National Bundt Cake day! Any baked good with a day dedicated to it is a winner in my books. Mary of the Food Librarian blog loves Bundt cakes so much that she has done a 30 day count-down to today, baking and blogging a different Bundt cake recipe each day! Wow what an undertaking. Incredibly this is also the 3rd year she has done this.
Spurred on by her many delicious looking Bundt cake recipes I wanted to join in the fun and bake my own. I first tasted this cake recipe a couple of weeks back, when it was baked by a coeliac friend of mine for a get-together. It was the moistest, most intensely banana flavoured cake I had ever had. I begged her for the recipe and have been looking for an occasion to bake it ever since. The cake is meant to be baked in a large loaf tin, but I felt sure it would be equally as good baked in a Bundt tin instead.
I think the secret behind this cake is that it uses a lot of bananas which are first roasted in the oven, in their skins, in order to intensify their wonderful banana-iness (if that’s not a word, it should be). I have never encountered this in a recipe before and was a little sceptical about how much flavour this would actually impart to the cake, but the end results speak for themselves. It’s fantastic.
The cake is also studded with a few crushed nuts for added texture and flavour and I also added just a smidgen of mixed spice. The cake is kept extra moist by the use of oil and sour cream in place of butter in the recipe. The cake is quite dense but in a good way, similar to a pound cake rather than feeling heavy and solid.
I love the look of each slice; the speckles of banana make it look so pretty and appealing. As if the cake itself wasn’t delicious enough, it is also topped with a drizzle of maple glaze to add just that extra touch of sweetness. I’m not usually a fan of maple flavoured things, but it really complimented the banana flavour well.
The great thing about Bundt cakes is that they look impressive with very little effort. They are also generally studded with exciting flavours or chunks of chocolate or nuts, relaying on these for flavour rather than mountains of frosting. This was a divine cake and one that the rest of family couldn’t believe was also gluten free. I think its going to be my new ‘go-to’ banana cake recipe. Even if you already have a favourite banana recipe, I urge you to try roasted them for a few minutes first, it really makes a difference!
Mary wants everyone to share her love of Bundt cakes and so is encouraging everyone to bake and blog a Bundt cake recipe from now until 24th November. If you submit a photo to her before this date then she’ll send you a Bundt badge for baking along. Click here for details. This is of course my entry.
Roasted Banana & Pecan Bundt Cake with Maple Glaze
(Recipe adapted from Gluten Free Baking by Phil Vickery)
450g ripe bananas with skin on (about 3½)

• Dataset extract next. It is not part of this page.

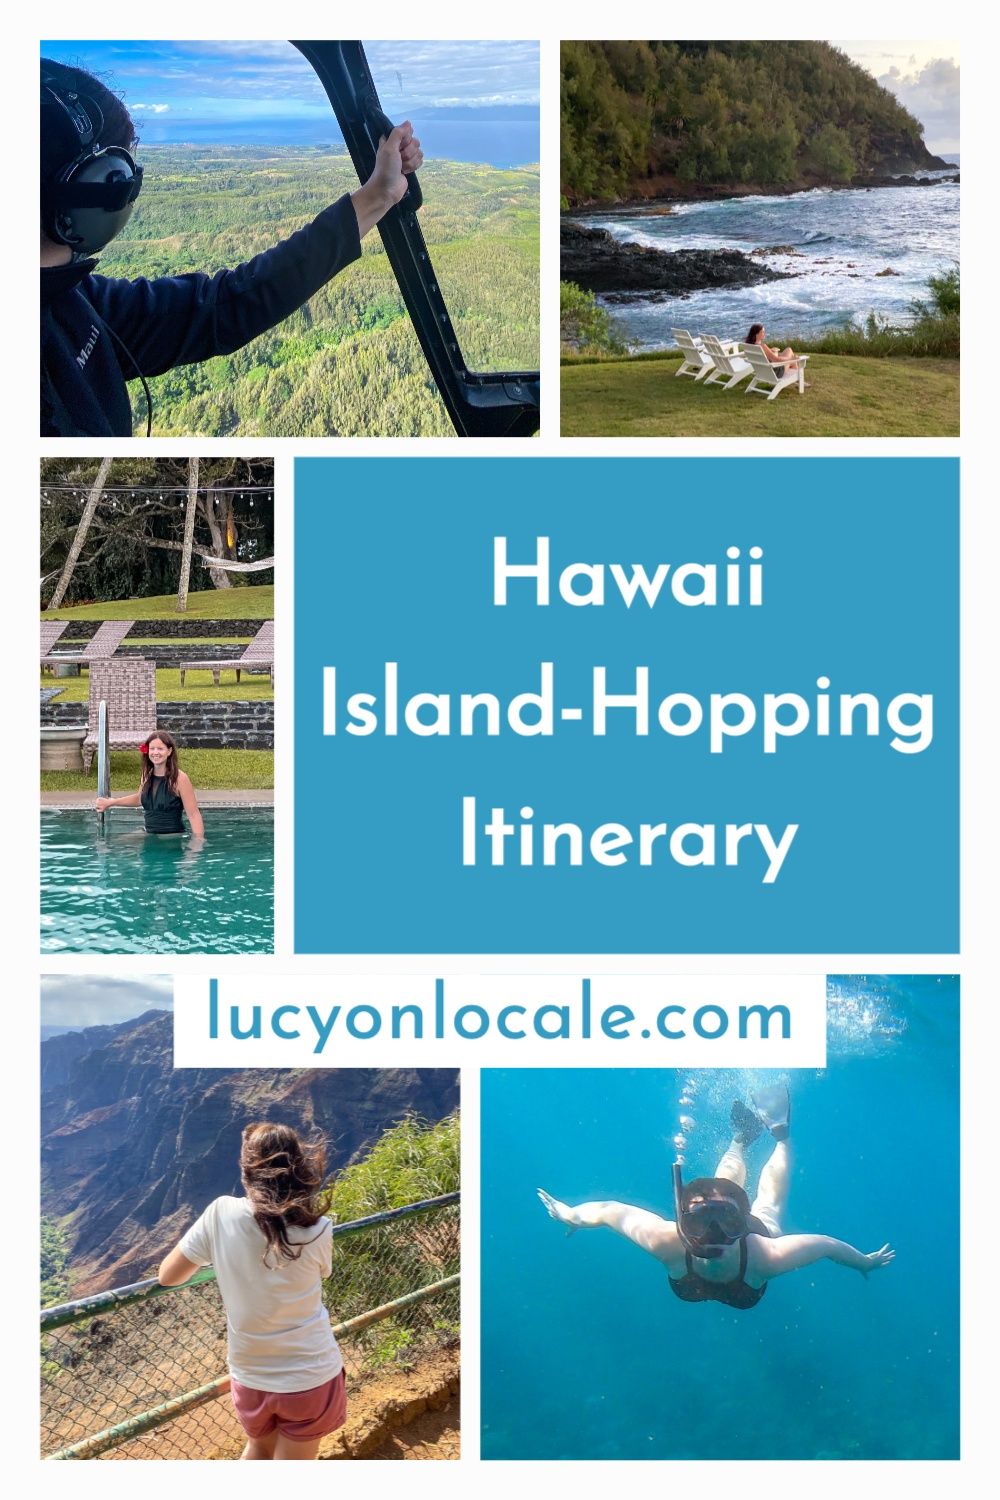 Hawaii Island-Hopping Itinerary
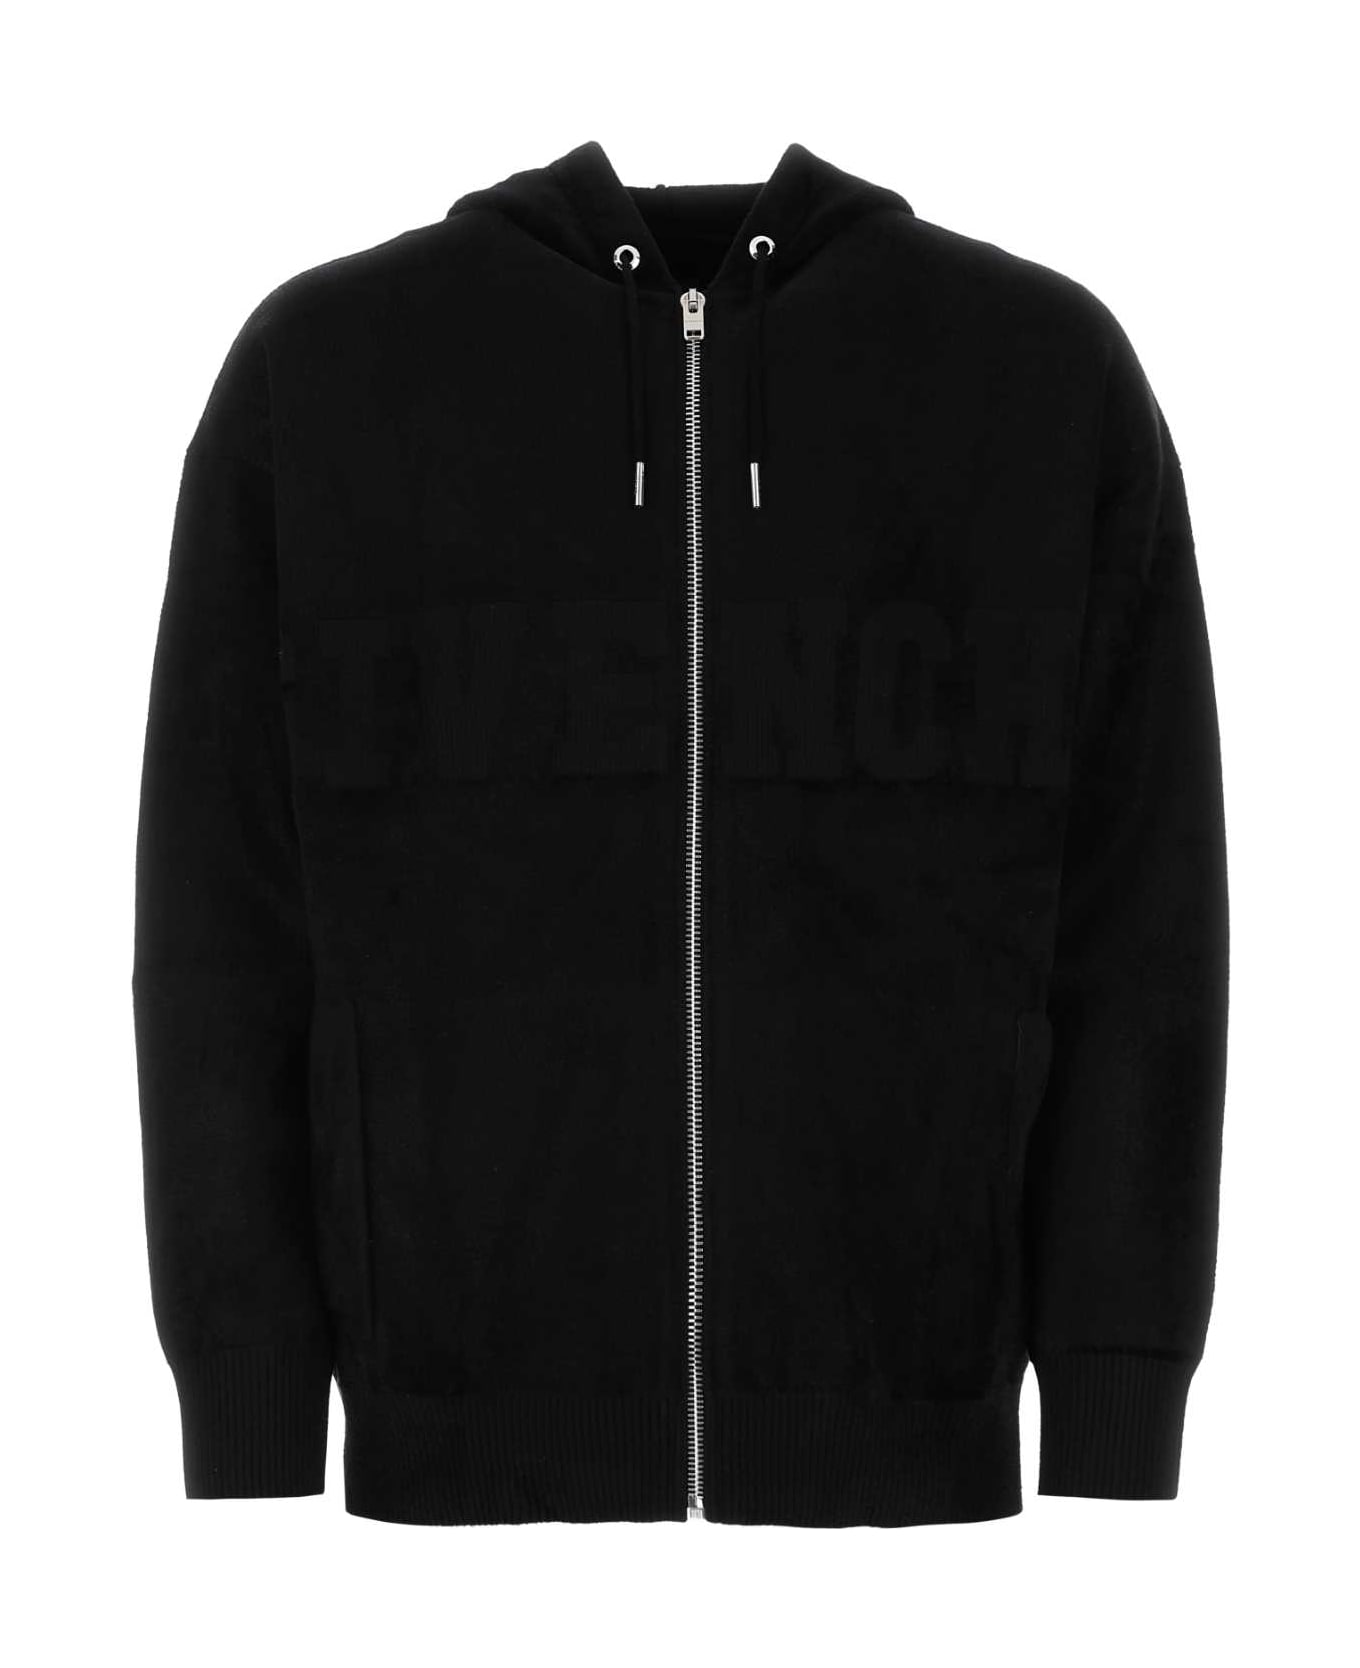 Givenchy Black Viscose Blend Oversize Sweatshirt - 001 フリース

150g light soft brown sugar
125ml sunflower oil
1 tsp glycerine (I used golden syrup)
225g gluten free flour (I used Doves flour mix)
½ tsp xanthan gum
½ tsp bicarbonate of soda
½ tsp gluten free baking powder
2 tbsp crème fraiche (I used sour cream)
50g roughly chopped walnuts (I used pecans)
½ tsp mixed spice (My own addition)
3 tbsp maple syrup (I only used 2tbsp)
75g icing sugar
Make a couple of slits in the skins of the bananas and lay them on a baking tray. Bake the bananas, in their skins, for 10 minutes (they will go black). Then remove them from the oven and leave them to cool slightly. Reduce the oven to 180C.
Oil a 9-10inch wide Bundt tin and set to one side.
Whisk the sugar, oil and glycerine together, adding the eggs one by one, until well combined.
Sift over the flour, bicarbonate of soda, baking powder, xanthan gum and spice. Peel the skin off the bananas and weigh out 250g of the flesh. Add the mushy banana to the rest of the mix along with the crème fraiche.
Beat everything together until combined and no large chunks of banana remain.
Stir through the chopped nuts and pour the mixture into the prepared Bundt tin.
Bake for 45 minutes until risen, golden brown and a skewer inserted in the top comes out clean.
Allow to cool for 30minutes in the tin before inverting onto a serving plate. It should release from the tin if you give it a firm shake.
Leave to cool completely before icing with the glaze.
Spoon/drizzle the glaze over the top of the cool cake and leave to set for 20 minutes before serving.